Later Tuesday, Griffen issued his orders denying the motion for continuance and the motion for dismissal.

"[W]here a complaint sets out factual allegations that make a colorable claim, the complaint will survive a challenge to its legal sufficiency in a motion for dismissal," Griffen wrote in the 10-page order.

A colorable claim is one that has a reasonable chance of being validated with facts proved in court.

The judge added in the denial that plaintiffs in the case have alleged specific facts and circumstances to support their allegations against state education leaders and that those facts at this point in the case "must be treated as true and viewed favorably."

"The court does not weigh the strength of those claims or the probative force of any factual allegations asserted in the complaint," he said.

"Thus, Defendants' motion requires the Court to examine the complaint in this action to determine whether it alleges facts that establish a basis for relief in the face of the bar against suing the State that is found in the Arkansas Constitution," he added.

Griffen said the state defendants argue that the allegations in the lawsuit are legally insufficient to show that the state acted beyond its legal authority. They further argue that the plaintiffs failed to provide facts showing that the state acted in an arbitrary and capricious manner that would warrant an exception to the constitutional bar to a successful lawsuit.

"However, Defendants cite no case that holds the kind of allegations asserted by the plaintiffs to be legally insufficient to establish claims against the state or one of its agencies," the judge wrote. "Rather, Defendants dispute whether the facts alleged by the plaintiffs prove what the plaintiffs allege.

"In reviewing a motion to dismiss, the trial court does not weigh the relative merits of factual allegations because it cannot do so," Griffen wrote. "Factual allegations are not proof.
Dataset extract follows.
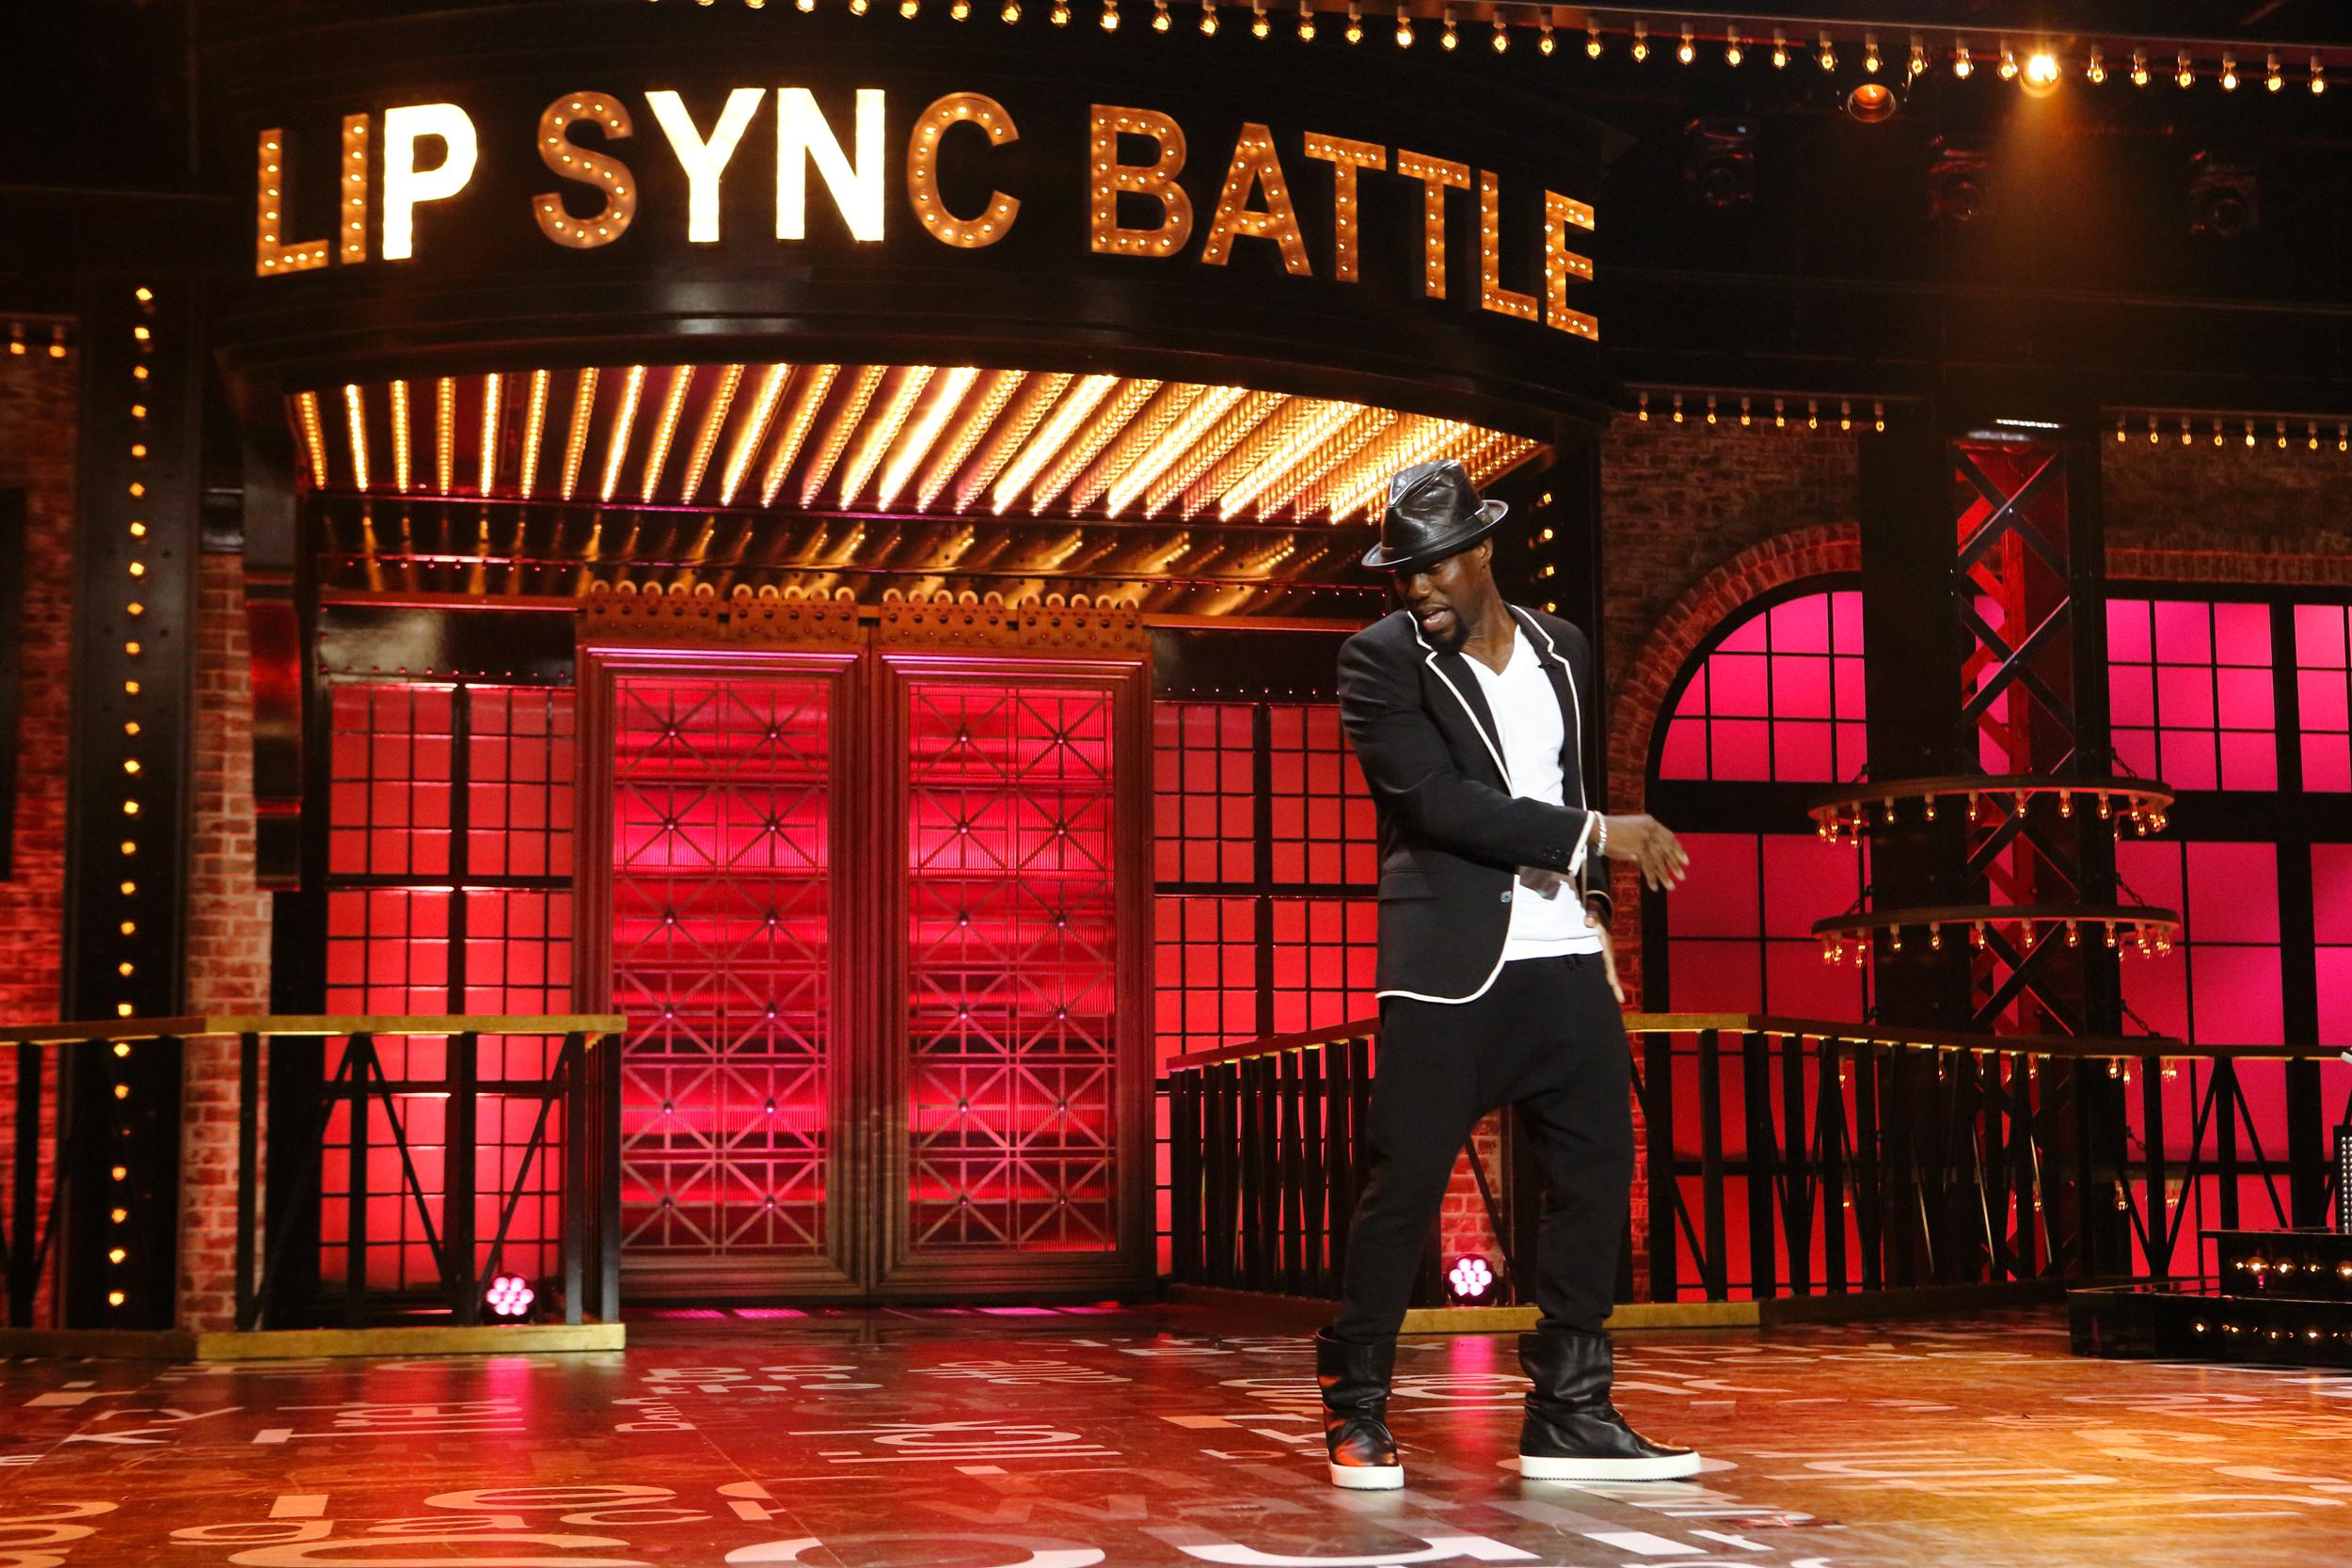 Image of Kevin Hart taken off Lip Sync Battle US season 2, credit: Spike TVImage of Kevin Hart taken off Lip Sync Battle US season 2, credit: Spike TV

They are simply assertions of what a litigant contends it will prove to establish entitlement to the relief it claims."

State attorneys earlier had made a motion asking Griffen to recuse from the case as the result of his Jan. 28 written statement strongly urging that the Little Rock School Board be left intact as it was working to undo years of discrimination to provide quality education to the district's students.

He said that the dismissal of the board would disenfranchise voters who had elected the School Board. Griffen made the statement before the filing of the lawsuit that was randomly assigned to him.

Griffen denied the state's motion for his recusal.